I know that benchmarks don't mean much but my S3 has always been the fastest device on the results [email protected] around 6000. Today I'm just over 3000, i flashed the latest rpm zip to match the modem today but i can't imagine that has anything to do with it.








Any thoughts?
tappity tap tapped on my SGS3


----------



## blaineevans (Jul 11, 2011)

Reboot.

Sent from my SCH-I535 using Tapatalk 2


----------



## junksecret (Jun 24, 2011)

blaineevans said:


> Reboot.
> 
> Sent from my SCH-I535 using Tapatalk 2


Tried it a few times, no luck.....but thanks for the suggestion.


----------



## Mustang302LX (Jun 28, 2011)

Delete the app and don't worry about benchmarks as they don't show how the phone functions on a day to day basis doing basic tasks.


----------



## sooner7 (Mar 31, 2012)

If its smooth and has good battery life, don't worry about it


----------



## ImaComputa (Sep 8, 2011)

Get really drunk and it'll make the 3 look like a 9 and you'll forget all about it.


----------



## junksecret (Jun 24, 2011)

I know it's a useless number, just wonder why it suddenly changed....

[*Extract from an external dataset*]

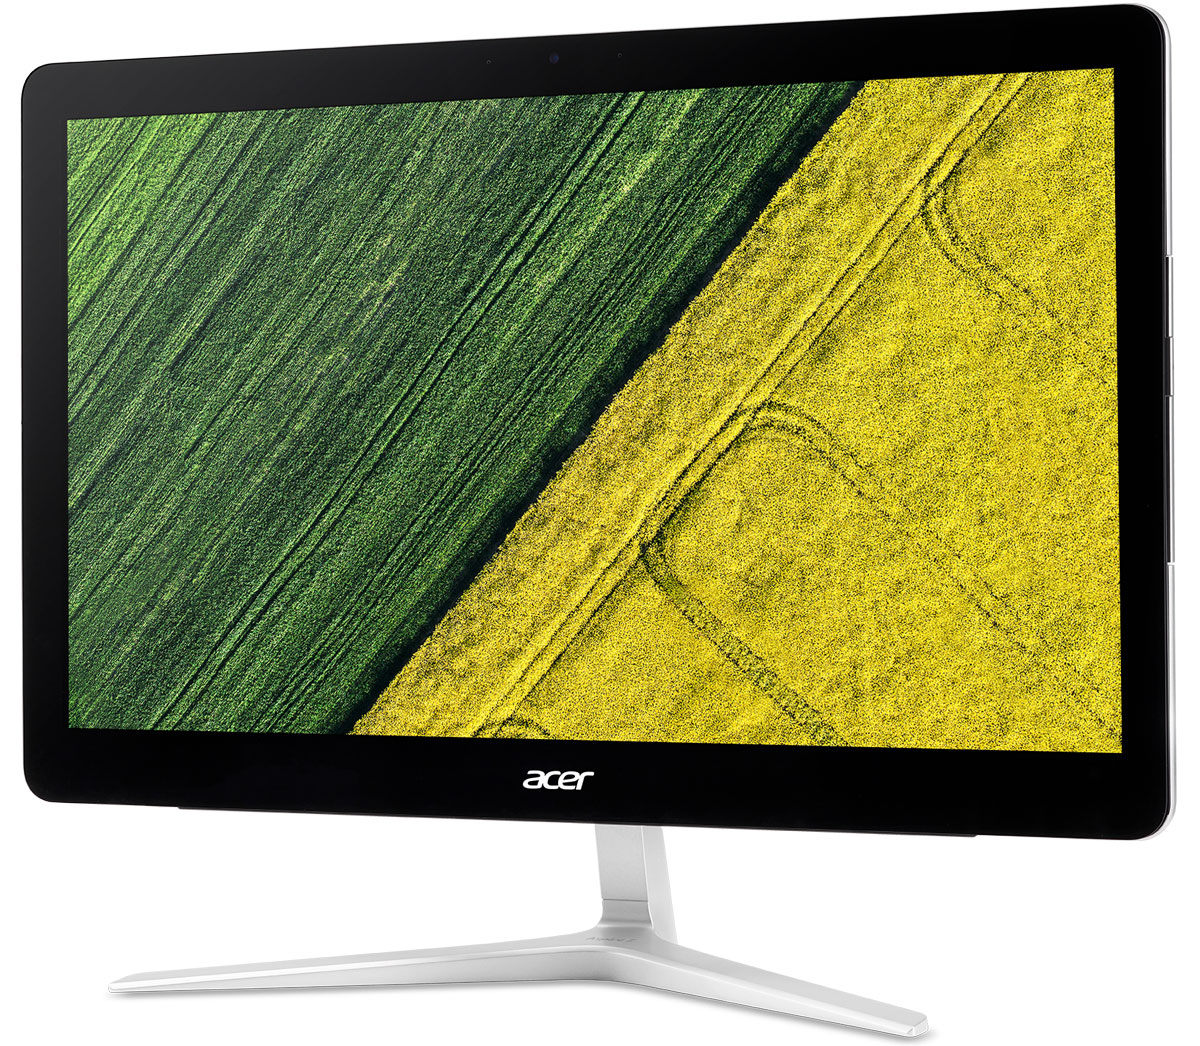 Acer Aspire Z24-880, Silver  (DQ.B8TER.016)DQ.B8TER.016    Acer Aspire Z24-880     ,      .            V-  .      ,      .  Dolby Audio Premium        .             -     .  Aspire Z24      .  Full HD 1080p         . Intel Optane -    ,               .          -   . Acer BlueLightShield  Flickerless          .    .  EAC       .

tappity tap tapped on my SGS3


----------



## Goose306 (Sep 12, 2011)

Can you still hack it with an sqlite db hack? If not may be able to.do it with GameCIH. Put that biznitch over 9000!

Regarding your real issue there is lots of potential reasons... is you CPU hotplugged or otherwise limited?

Tapped from my jelly-beaned d2vzw with 4.2 gapps


----------